• 19 hours ago
THE HUSBAND'S SHOW IS AVAILABLE AT PREMIUM.FREEDOMAIN.COM "PLEASE HELP ME WITH MY RAGE":

https://premium.freedomain.com/659840fabac7190c0804511f/please-help-me-with-my-rage-freedomain-call-in


Dear Stefan,
I’ve been meaning to reach out to you for over a year now. My husband had his first call with you in December 2023, where he discussed the impact of domestic violence on our family. Since then, he’s sought help, and we’ve been without physical violence for over a year. While we still struggle with unhealthy verbal arguments, he is making genuine efforts to improve, and I’ve realized I need to do the same.
Part of me must know that my childhood was less than ideal, but I’ve come from a long line of conflict avoiders and if you just pretend it didn’t happen then it didn’t happen. So sometimes I wonder if I’m making out to be more than it is. My husband’s reactions to the memories I recall are odd to me, as these things seem so normal it’s hard to imagine that not all families have similar dynamics.
I think I’ve been hesitant to reach out because I know you will uncover truths I’ve been trying to ignore—about my family and about myself. But as I’ve spent this past year reflecting on my past, writing about my experiences, and attempting to set boundaries, I realize I’m in over my head and need more direction. My husband and I have two little girls and another one on the way; therefore, it is critical I put my fears aside and get my issues sorted.

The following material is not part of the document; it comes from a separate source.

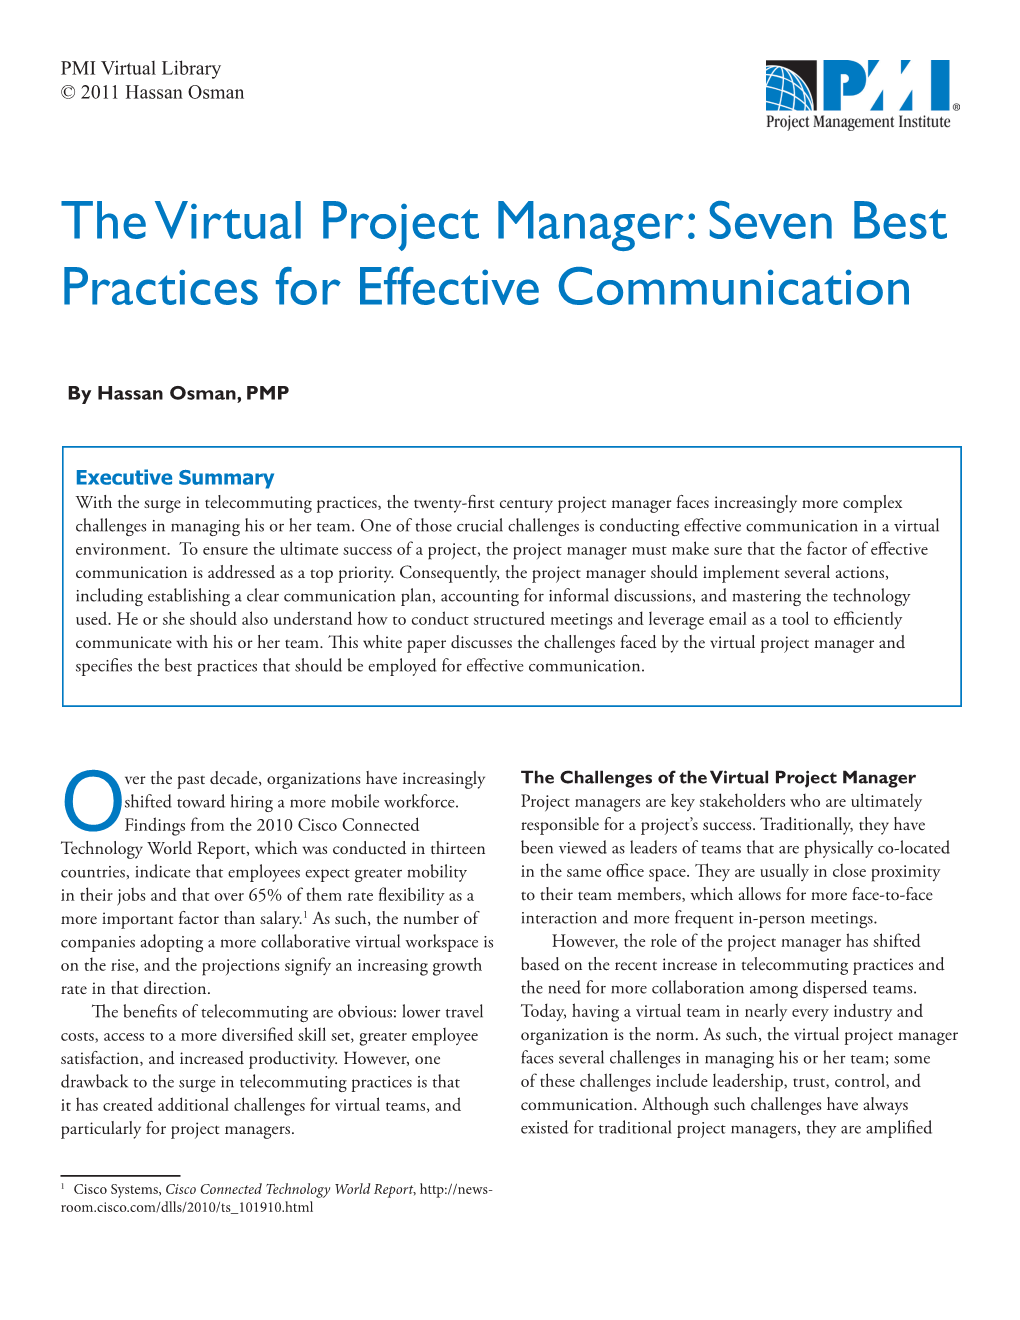 The Virtual Project Manager: Seven Best Practices for Effective Communication

The main issues I’m having are - (1) I struggle with forming consistent emotional bonds with my children—sometimes feeling deeply connected, but other times dissociated. (2) Feeling immense guilt for setting boundaries, (3) Battling severe anxiety and mild depression, as well as social awkwardness and a constant feeling that others are more ‘adult’ than I am, (4) I get easily overwhelmed and overstimulated, occasionally leading to outbursts (5) Shame from past behavior- recklessness and disrespecting myself
I used to blame most of my struggles on my father—a drug addict, criminal, and abuser. But after listening to a few of your call-ins and talking with my husband, I’ve started to see how much of an impact my mom had as well. I think I avoided facing this truth because I was afraid it would make me dislike her, but I realize now that it’s something I can’t ignore. I need to confront these issues head-on and do what is required to break the cycle and make sure my past doesn’t damage my children and my marriage.
Thank you for taking the time to read this, and I hope to hear from you soon.